INFORMATION PROVIDED =>
· · · · ·
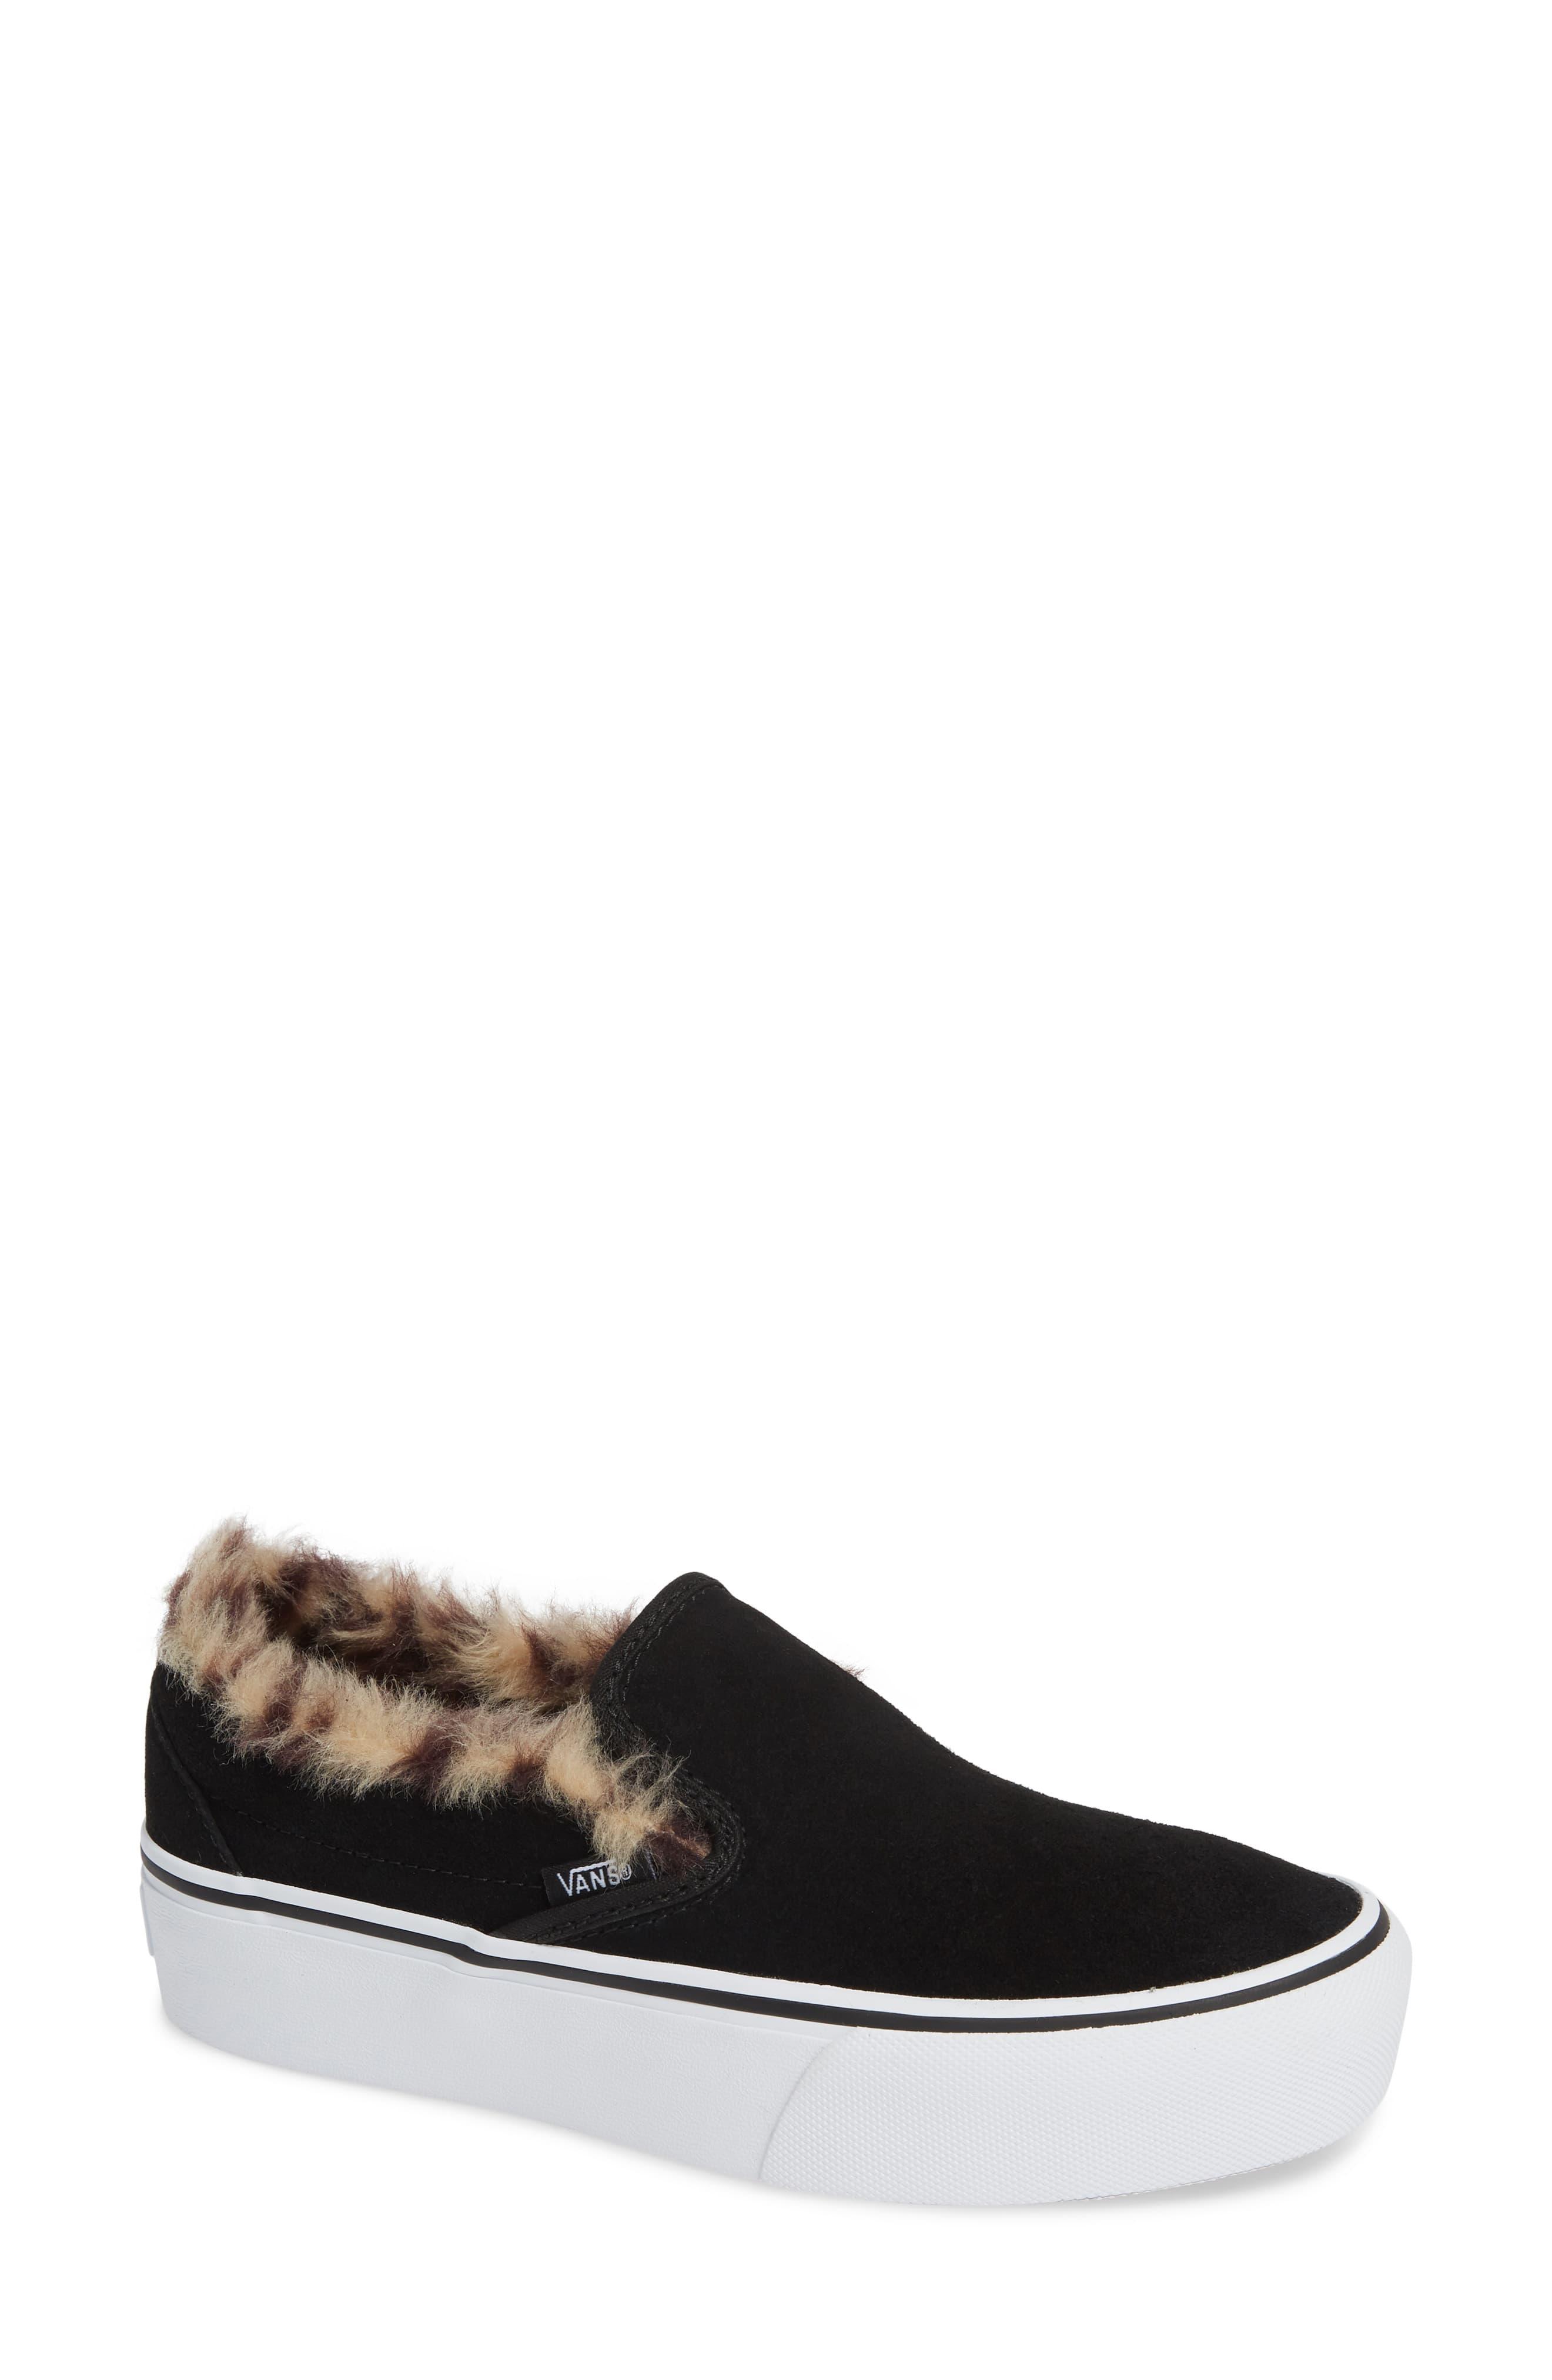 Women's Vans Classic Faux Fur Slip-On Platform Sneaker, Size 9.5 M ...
· · · · ·
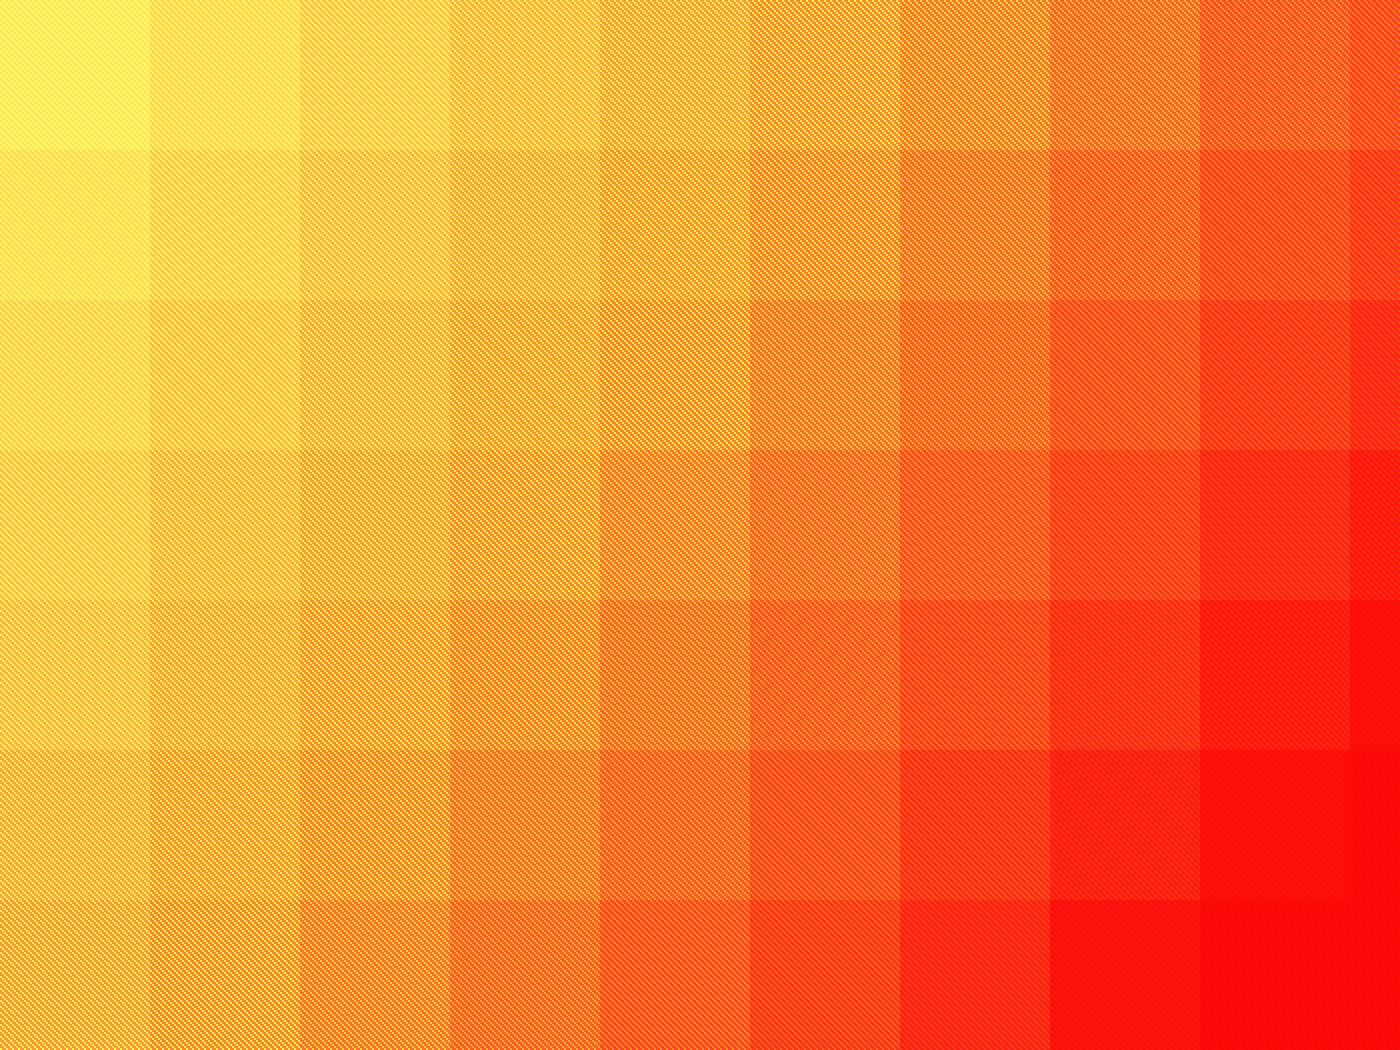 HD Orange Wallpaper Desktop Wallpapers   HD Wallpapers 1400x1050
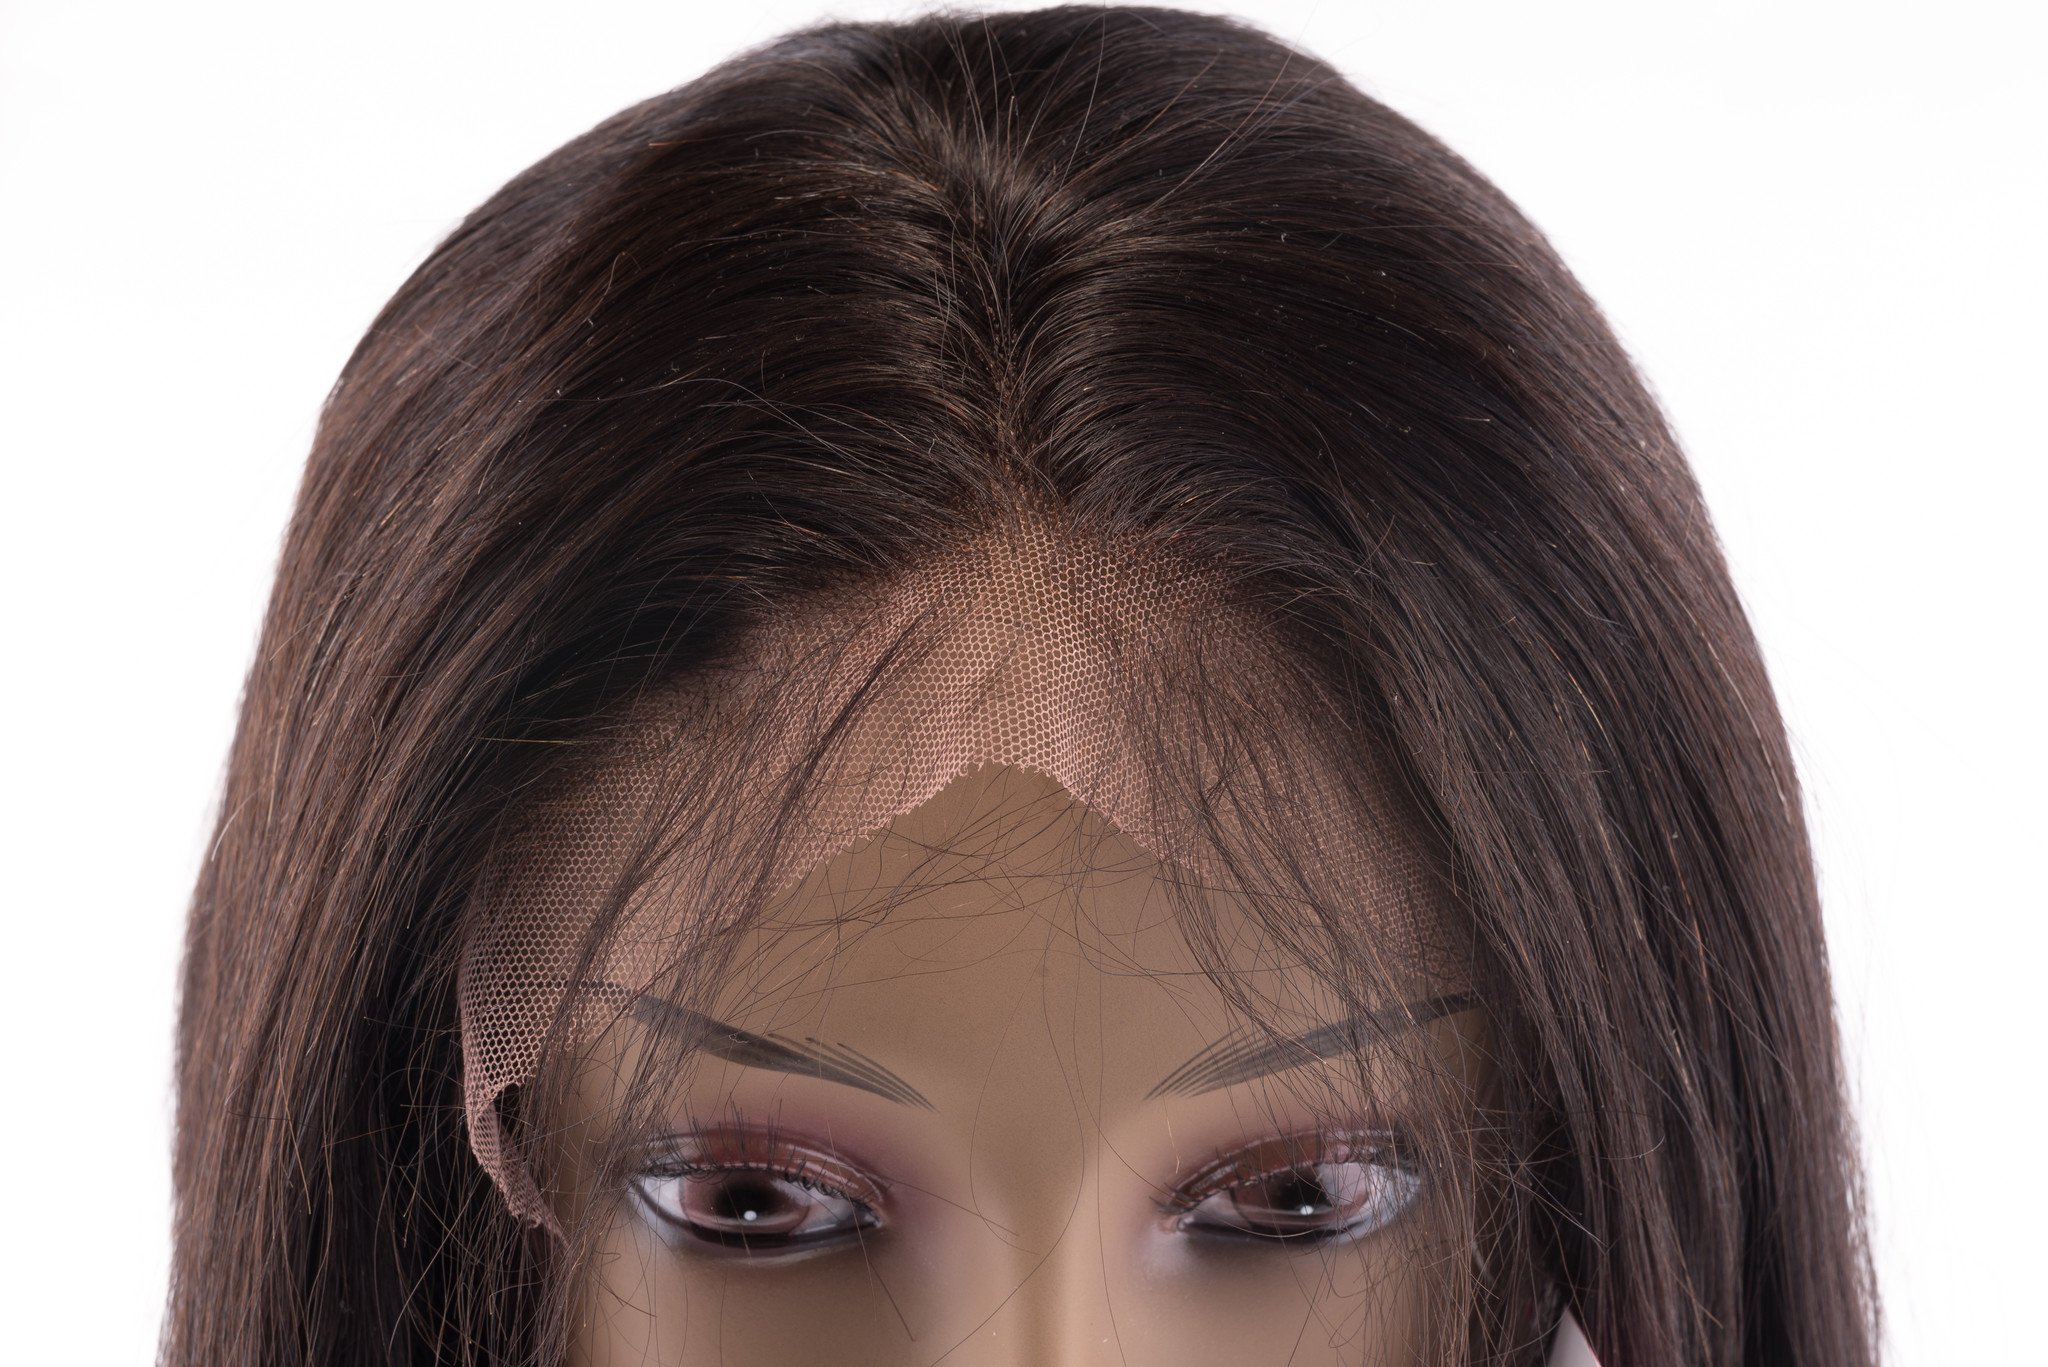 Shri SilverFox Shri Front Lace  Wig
· · · · ·
Although pictures appear among the entries, please set down only the lines from the one with "HD Orange Wallpaper" up to and including the one with "Shri SilverFox Shri", word for word.

 HD Orange Wallpaper Desktop Wallpapers   HD Wallpapers 1400x1050
 Shri SilverFox Shri Front Lace  Wig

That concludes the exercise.